Evolutionary Microbial Genomics - CNRS URA 2171  

  HEADEduardo PIMENTEL CACHAPUZ ROCHA / eduardo.rocha@pasteur.fr

  Annual Report

Our work has been focused on answering the following questions: 1) How and why are bacterial genomes organised. 2) How dynamic are genomes? 3) What results from the trade-off between organisation and dynamics? We found that less than 2000 genes in E. coli are present in all of the first 20 sequenced genomes. E. coli K12 and S. enterica typhimurium have a divergence time estimated at around one million years, i.e. 108 generations and a rearrangement rate higher than 10-4/generation. Yet, the relative order of the orthologous genes is practically identical. How can such high genome dynamics result in an organised genome? We investigated where such insertions took place using the ancestral order. While 51% of the locations showed no single insertion or deletion in any of the 21 genomes, we found 133 locations with an average of more than 5 non-core protein coding genes per genome. These locations accumulate 71% of all non-core pan-genome. This analysis revealed that in most genomes gene acquisition and loss takes place at precisely the same locations, i.e. between the same two contiguous genes of the core genome (Figure 1). Therefore, hotspots correspond to regions of abundant and parallel insertions and deletions of genetic material. While the existence of large insertions and deletions in E. coli has been abundantly described, our data shows that these events take systematically place at the same regions in different genomes.

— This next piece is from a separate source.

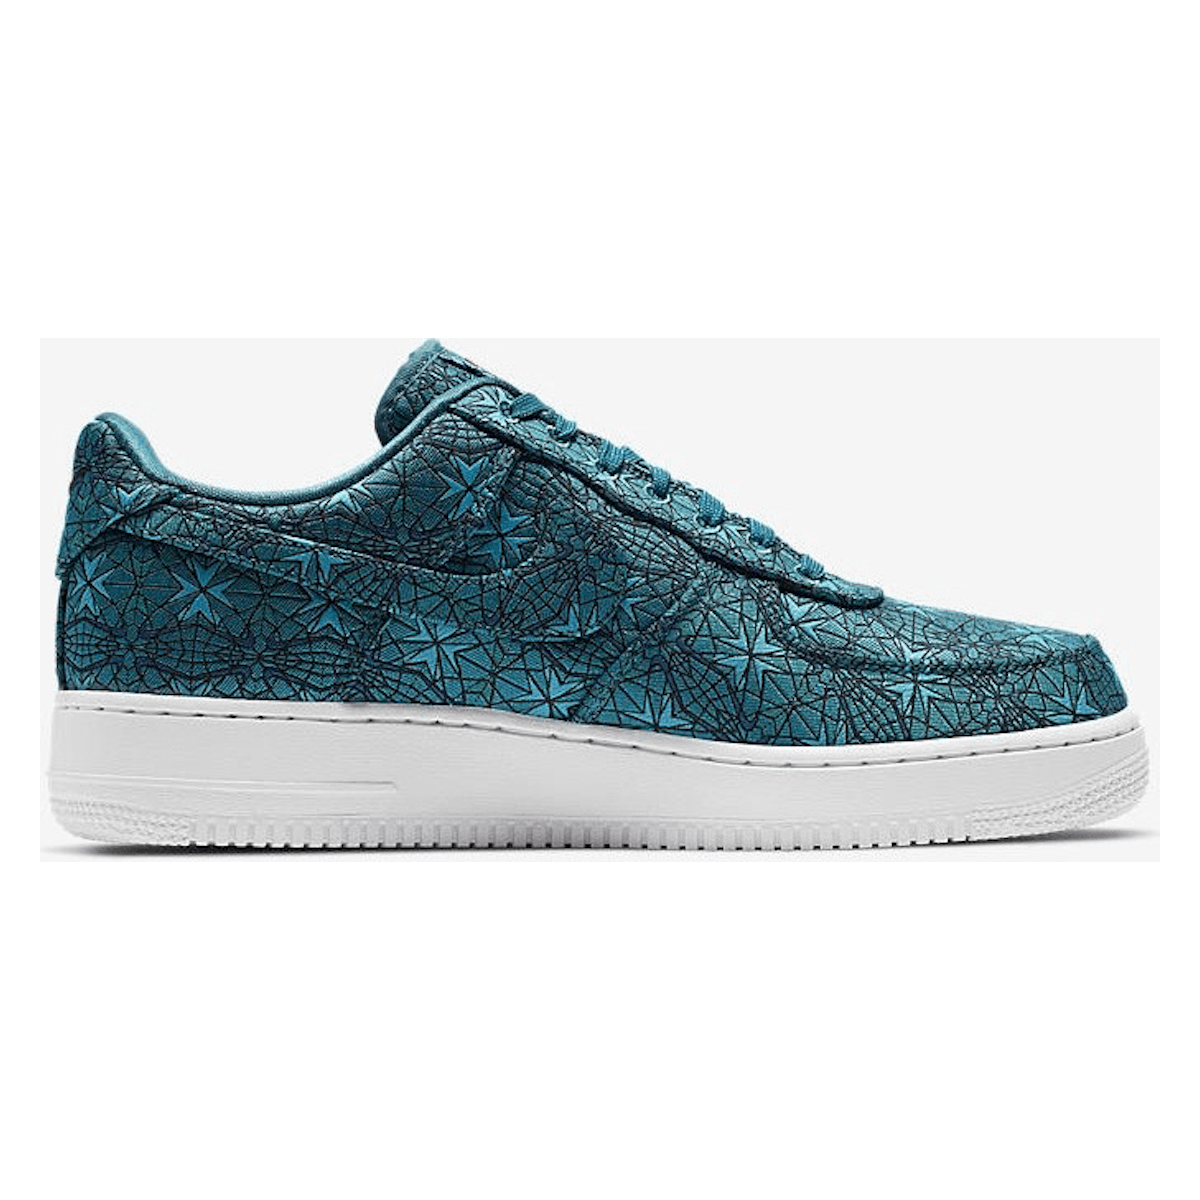 Nike Air Force 1 '07 Low Premium "Green Abyss"
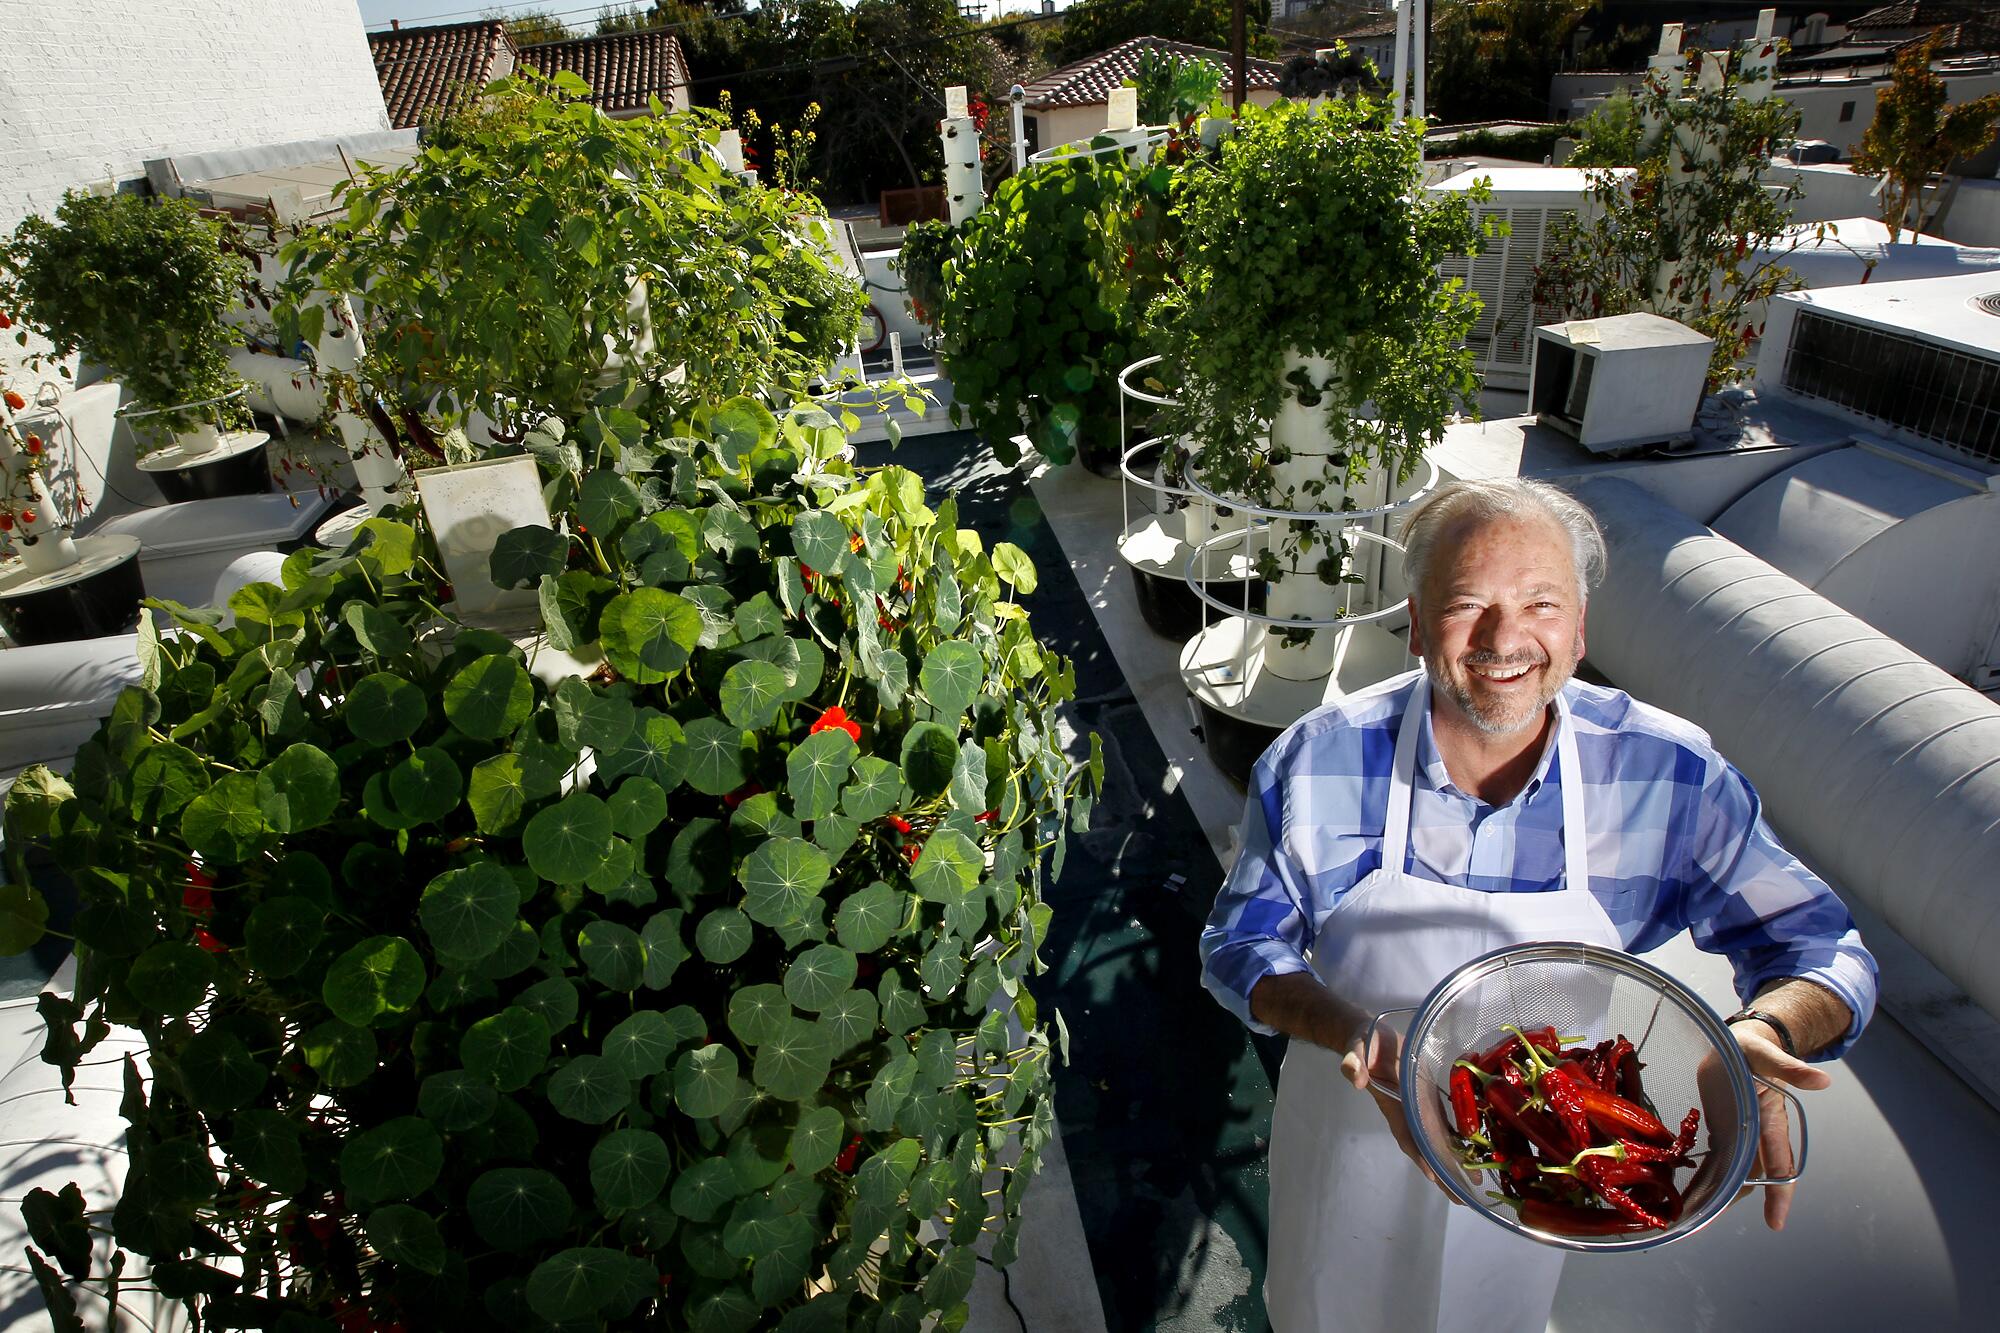 Rivera chef John Sedlar holds a container of chiles at his sustainable rooftop garden Cielo Verde.

What leads to such hotspots? Most such locations lack tRNAs and phage integrases. This seriously challenges the widely held view that E. coli integration hotspots are mostly determined by the bias of phage-like integrases to insert at tRNAs. What else could create such hotspots? Selection for the integrity of genetic elements, e.g. genes, and for genome organisation, e.g. operons, reduces the number of locations where large insertions can occur without significant loss of fitness. Once a permissive region acquires a large element, and since most transferred DNA has no adaptive value, subsequent integration in the region becomes more likely because the region offers a larger target for neutral insertion. The insertion of a large element in a permissive region will then result in a founder effect that amplifies the likeliness of a permissive region to become a hotspot. The existence of hotspots concentrating locally most changes explains why whole-genome organisation is compatible with the extremely high dynamics of horizontal gene transfer in the species.

Keywords: Molecular evolution, bioinformatics, bacterial genomics


Figure 1 - Number of genes (ranging from 0 to 200) in indels along modern strains considering the ancestral gene order of the core genome. The numbers in the x-axis represent the order of genes in the core genome, which has the same order as E. coli K-12 MG1655.


  1. Rocha EPC (2008) The organization of the bacterial genome. Annu Rev Genetics 42:211-33.

  2. Treangen T, Ambur OH, Tonjum T, Rocha EPC (2008) The impact of the neisserial DNA uptake sequences on genome evolution and stability. Genome Biol 9:R60.

  3. Touchon M, Rocha EPC (2007) Causes of Insertion Sequences abundance in prokaryotic genomes. Mol Biol Evol 24:969–981.

  4. Rocha EPC, Touchon M, Feil E (2006) Similar compositional biases are caused by very different mutational effects. Genome Res 16:1537-47.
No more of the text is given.